Catalytic iron and acute kidney injury

Abstract

Acute kidney injury (AKI) is a common and often devastating condition among hospitalized patients and is associated with markedly increased hospital length of stay, mortality, and cost. The pathogenesis of AKI is complex, but animal models support an important role for catalytic iron in causing AKI. Catalytic iron, also known as labile iron, is a transitional pool of non-transferrin-bound iron that is readily available to participate in redox cycling. Initial findings related to catalytic iron and animal models of kidney injury have only recently been extended to human AKI. In this review, we discuss the role of catalytic iron in human AKI, focusing on recent translational studies in humans, assay considerations, and potential therapeutic targets for future interventional studies.

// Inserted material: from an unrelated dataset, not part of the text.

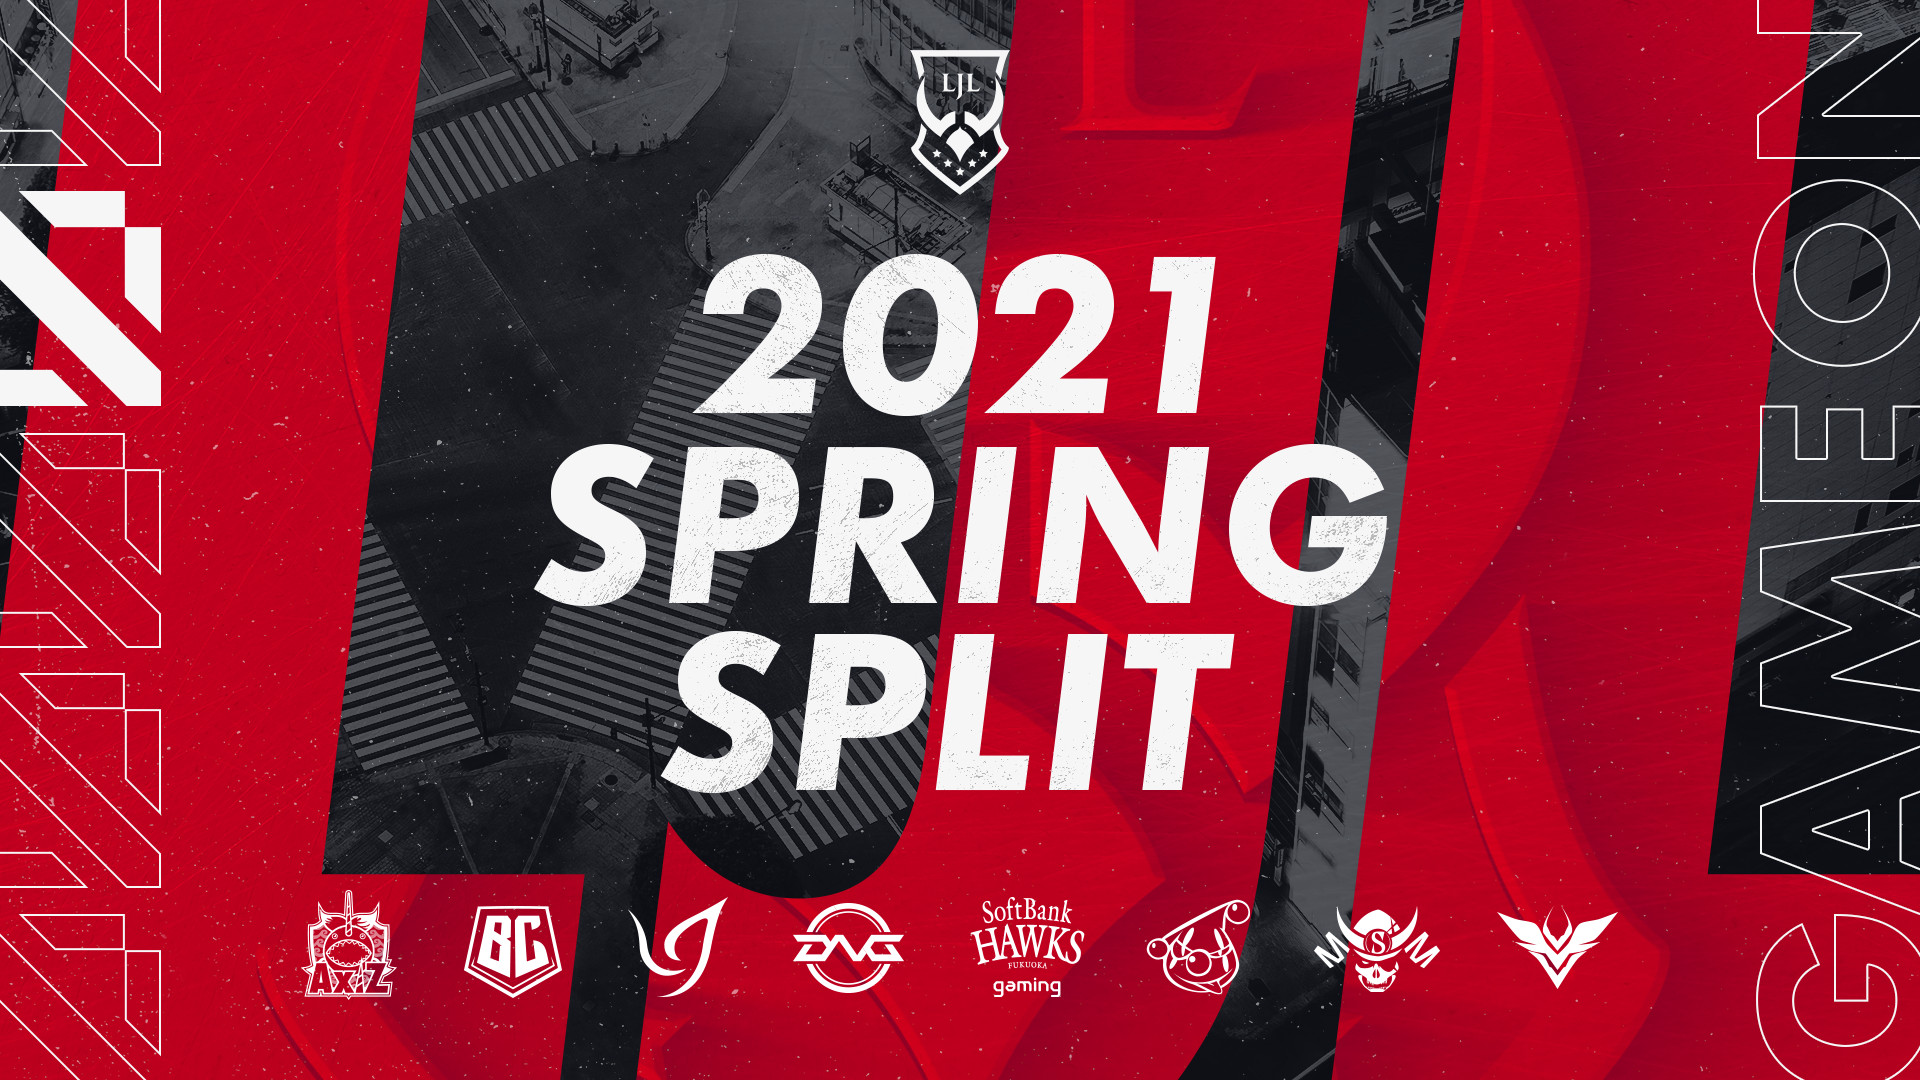 【大会情報】LJL 2021 Spring Split WEEK 5

Keywords: AKI; HO-1; ferritin; labile iron; non-transferrin-bound iron.

Fig. 1.

Distribution of cellular and extracellular iron. Extracellular (plasma) iron represents a small portion (∼3 mg) of total body iron (∼3,000–5,000 mg), the vast majority of which is intracellular (e.g., stored in ferritin, hemoglobin, and other cellular iron-containing proteins). Under normal physiological conditions, plasma iron is transferrin bound. In some disorders, a small portion of plasma iron is non-transferrin-bound iron (NTBI). The latter is either bound to albumin or to low-molecular-weight chelates, such as citrate. A portion of circulating NTBI is readily available to participate in redox cycling and is referred to as plasma catalytic iron or labile plasma iron (LPI).

Fig. 2.

Plasma catalytic iron levels and adverse outcomes following cardiac surgery. A: plasma catalytic iron levels are significantly higher at the end of cardiopulmonary bypass (CPB) compared with preoperative (Preop) levels. †P < 0.001 and †††P < 0.05 for within-group comparison to preoperative levels. Furthermore, catalytic iron levels at the end of CPB and on postoperative day 1 (POD#1) are higher in patients who develop in-hospital death or need for renal replacement therapy (death/RRT). *P < 0.01 for between-group comparisons. Bars represent median (25th–75th interquartile range). B: patients with catalytic iron levels in the highest compared with lowest quartile on POD#1 have a greater risk of death/RRT, AKI, and in-hospital mortality after adjusting for age and preoperative estimated glomerular filtration rate. *P < 0.05. [Adapted from Leaf et al. (32) with permission.]

Fig. 3.

Proposed pathophysiological mechanisms of catalytic iron-induced AKI. 1: Hemolysis, which can occur through endogenous or exogenous processes, results in the release of free hemoglobin (Hgb) into the plasma. 2: Free Hgb is bound by haptoglobin, and the complex is taken up by monocytes and macrophages via the scavenger receptor, CD163. CD163 can also facilitate receptor-mediated endocytosis of free Hgb, even in the absence of haptoglobin (48). 3: Once internalized, Hgb is broken down into heme, which is degraded further by heme oxygenase-1 (HO-1) into carbon monoxide (CO), biliverdin, and Fe²⁺. The latter is oxidized into Fe³⁺ and sequestered by ferritin, which is upregulated by HO-1 (41). 4: Free Hgb not sequestered by haptoglobin may be oxidized into free heme in the circulation. 5: Free heme is sequestered by hemopexin and taken up by hepatocytes, vascular smooth muscle cell (VSMCs), and other cell types via the scavenger receptor, CD91, also known as low density lipoprotein receptor-related protein 1 (LRP1). 6: When the ability of haptoglobin and hemopexin to scavenge free Hgb and free heme is overwhelmed, respectively, nonenzymatic degradation (i.e., in the absence of HO-1) may release catalytic iron from heme. 7: This catalytic iron catalyzes the formation of free radicals, which can damage macromolecular components of cells, resulting in AKI (5). 8: Even in the absence of catalytic iron generation, free Hgb and free heme may contribute to AKI by a variety of mechanisms, including nitric oxide (NO) sequestration, which results in vasoconstriction (14), oxidant-mediated cellular damage (46), vascular injury (30), and induction of apoptosis in the presence of other cytotoxic agonists, such as tumor necrosis factor (TNF) (49). Key targets for potential therapeutic intervention are colored in red. CPB, cardiopulmonary bypass; DIC, disseminated intravascular coagulation; HUS, hemolytic uremic syndrome; TTP, thrombotic thrombocytopenic purpura.